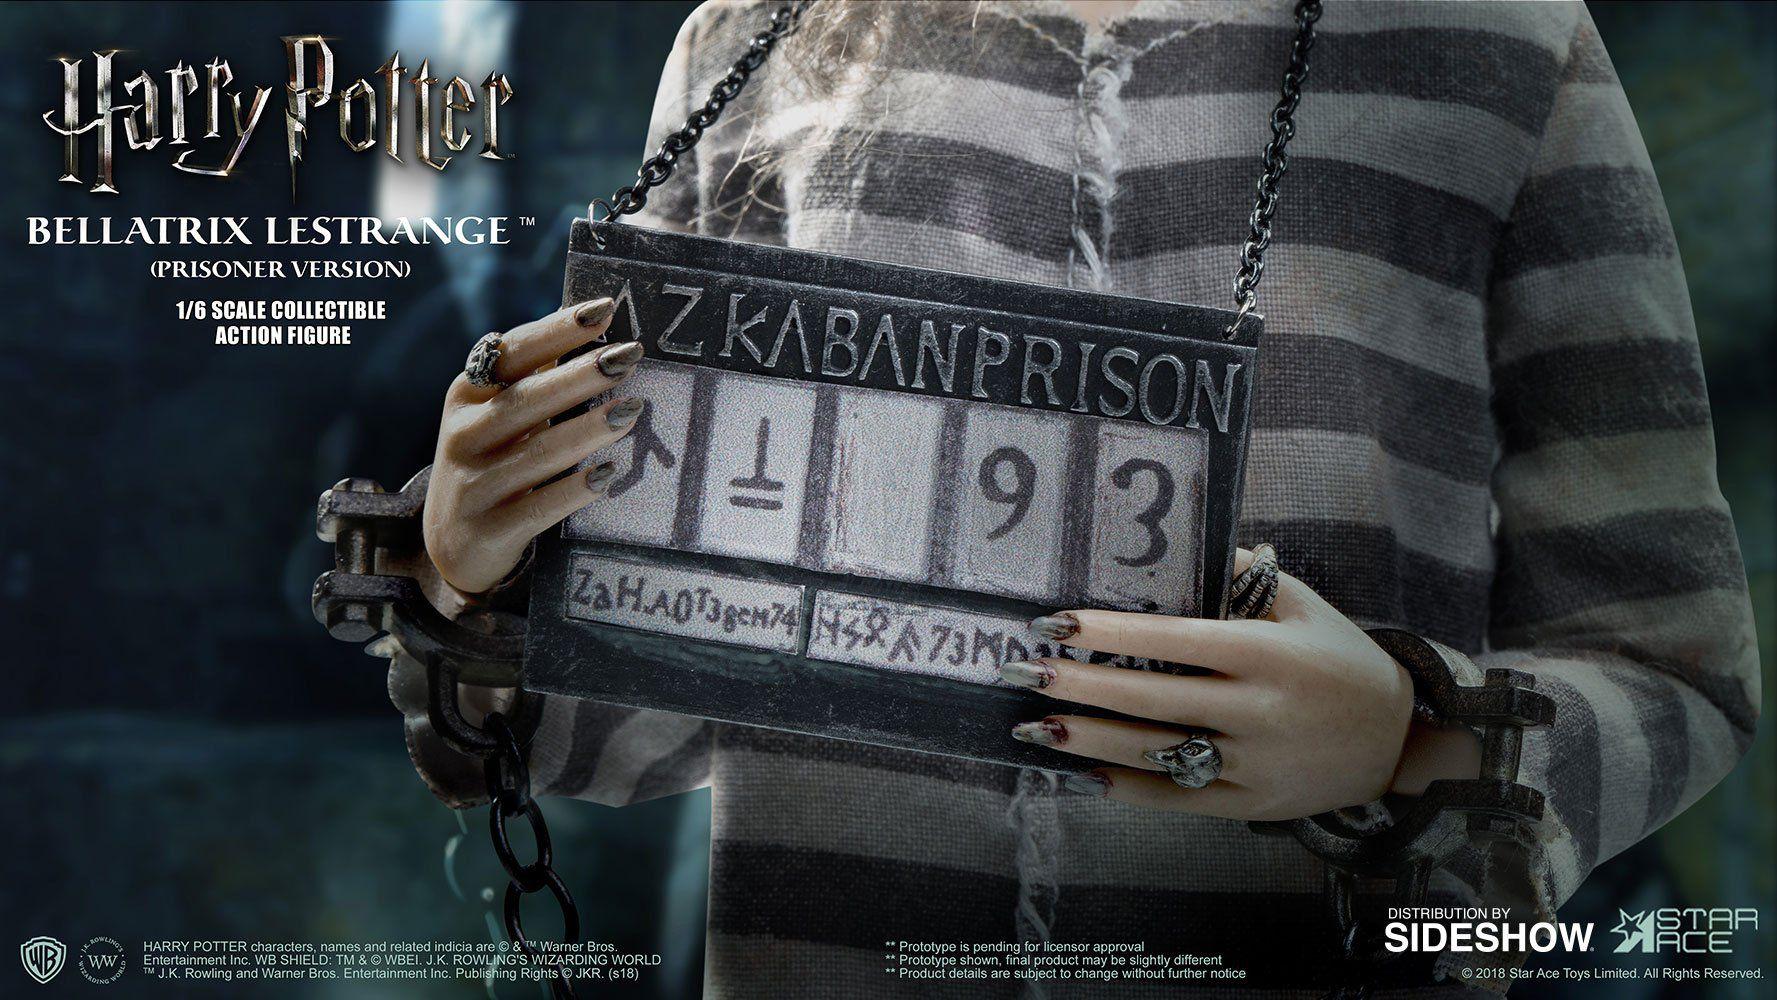 PRÉ VENDA: Boneco Bellatrix Lestrange (Versão Prisioneira): Harry Potter e a Ordem da Fênix (Order of the Phoenix) Escala 1/6 - Star Ace
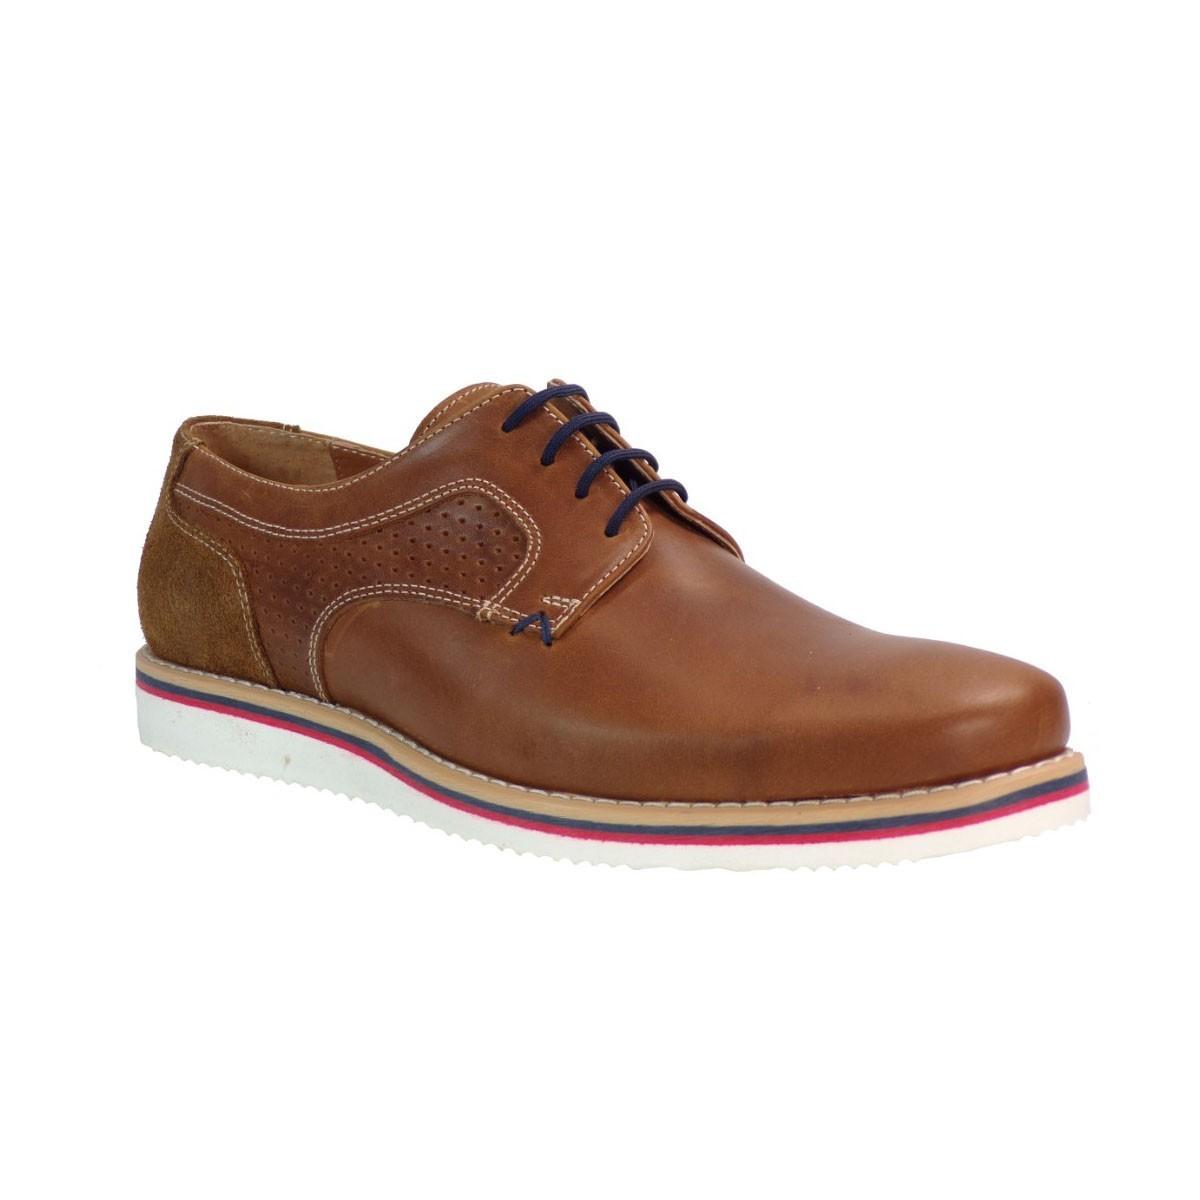 Commanchero Ανδρικά Παπούτσια 91613-126 Ταμπά Commanchero 91613-126 Ταμπά
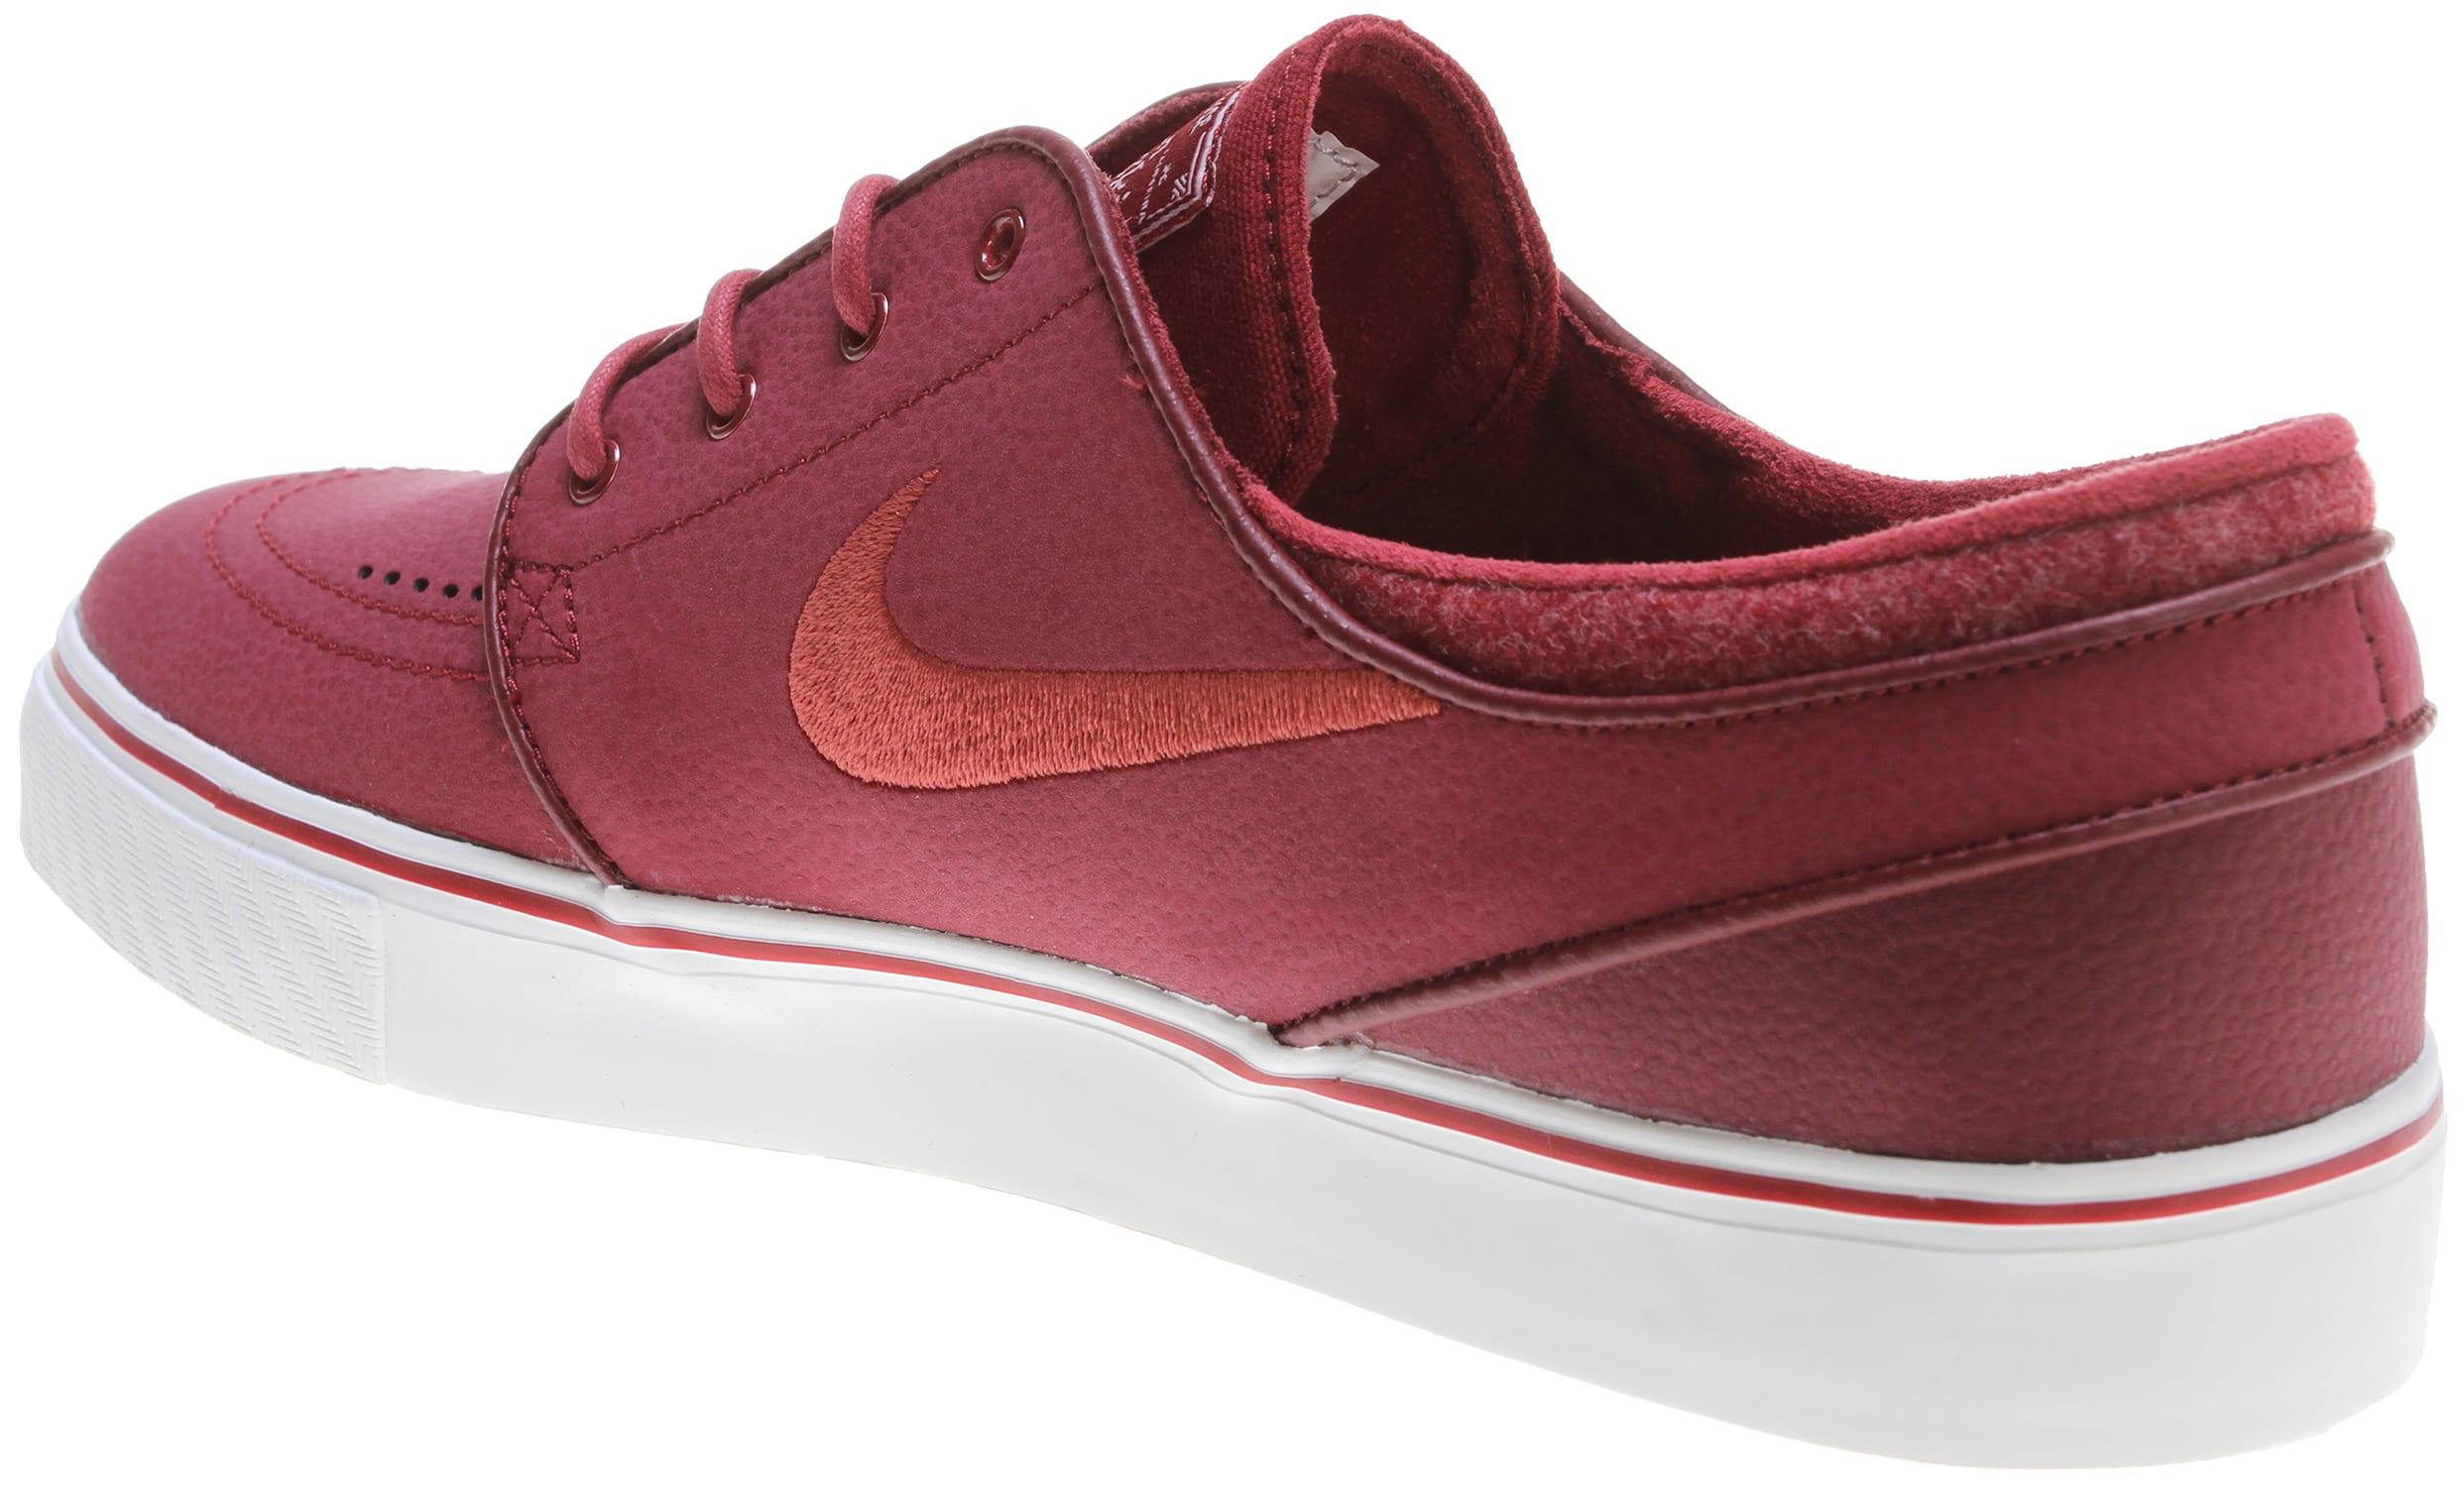 cf7875e8dbd67 Nike Zoom Stefan Janoski L Skate Shoes - thumbnail 3
#####
REQUIRED WORK :: Write out the listing again word for word, but without its pictures.

TASK SOLUTION ::
 PRÉ VENDA: Boneco Bellatrix Lestrange (Versão Prisioneira): Harry Potter e a Ordem da Fênix (Order of the Phoenix) Escala 1/6 - Star Ace
 Commanchero Ανδρικά Παπούτσια 91613-126 Ταμπά Commanchero 91613-126 Ταμπά
 cf7875e8dbd67 Nike Zoom Stefan Janoski L Skate Shoes - thumbnail 3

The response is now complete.